At around 10 pm, Anthony and Denise found their way down to where Alfred and I were drinking. They looked sober and refreshed. I, on the other hand, was extremely drunk. Before long, church let out and the adults came flooding back into the longhouse, eager to start the festivities. We left the longhouse bar to join the party on the veranda. Up and down its length, knots of people were gathered in furious tuak-drinking sessions. Being the only outsiders, we were in great demand at these gatherings and people were literally fighting each other for the honour of our presence. Alfred clearly enjoyed the prestige that came from being the chaperone of these exotic foreign visitors.
By 11 pm the party had reached fever pitch. People clustered round us, madly trying to engage us in conversation. One man wanted to talk about durians. Another wanted to introduce us to his dog. Still others simply wanted to offer us tuak, which they invariably referred to as ‘the local wine’. Presiding over this mad talk-fest was Alfred, who was clearly in his element. He took to translating everything we said for the benefit of those who didn’t speak English. However, he often lost track of who spoke what language and, carried away in a manic polyglot frenzy, addressed me in Iban, translated what he had said into English for the tribal elders and then translated that again into Bahasa Malaysian for the children who stood nearby. Sometimes he managed this feat several times in the course of one long sentence, and there were times when I could have sworn that he was speaking three languages all at the same time. Of course, being completely drunk, everything he said made perfect sense to me.
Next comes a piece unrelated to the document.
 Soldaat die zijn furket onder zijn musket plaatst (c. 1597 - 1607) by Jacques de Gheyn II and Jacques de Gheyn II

The flock of children gathered round stared at us with rapt expressions. One of the bolder little boys approached me and ventured a shy ‘Hello.’ When I asked him his name, he smiled and said, ‘Diego Maradona.’ I thought the kid was pulling my leg, but then Denise said, ‘No, they’ve all got names like that. I just met a girl named Cinderella.’ It turned out that almost all the kids in the place were named after foreign movie stars and sports players. It was, I must admit, a strange feeling to be drinking tuak in Borneo with Cinderella and Diego Maradona.
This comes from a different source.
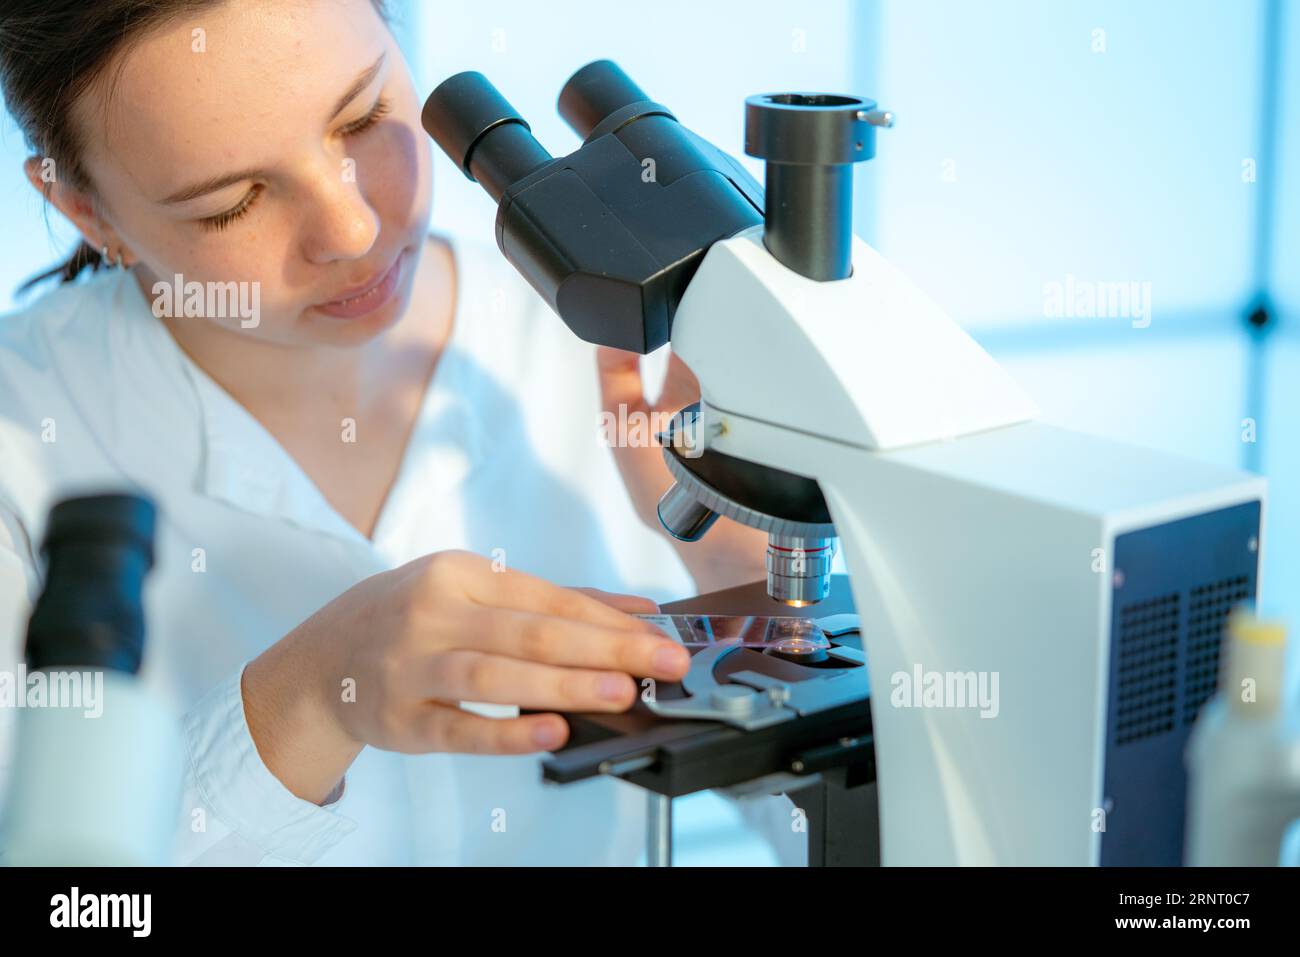 Esame dello sviluppo embrionale: I microscopi consentono di studiare i processi di sviluppo delle cellule embrionali e degli organi. Foto Stock

Caught up in the drinking and talking, I lost all track of time. Suddenly, the revellers struck up a rather alarming chant: ‘Get the gun! Get the gun!’ For a horrible moment, I was afraid that I had committed some terrible breach of etiquette and would be made to suffer. However, they merely wanted to fire off a few rounds to ring in the New Year. Before I knew it, Alfred had dragged me to the railing of the veranda and placed a particularly fearsome-looking shotgun in the hands of the drunkest man in South-East Asia. After a brief argument about whose watch told the correct time the countdown began, and as the hour struck midnight, I pulled the trigger. The gun kicked viciously against my shoulder, and I was momentarily deafened, but it was worth it to see the smiles on the faces that swam in and out of focus around me.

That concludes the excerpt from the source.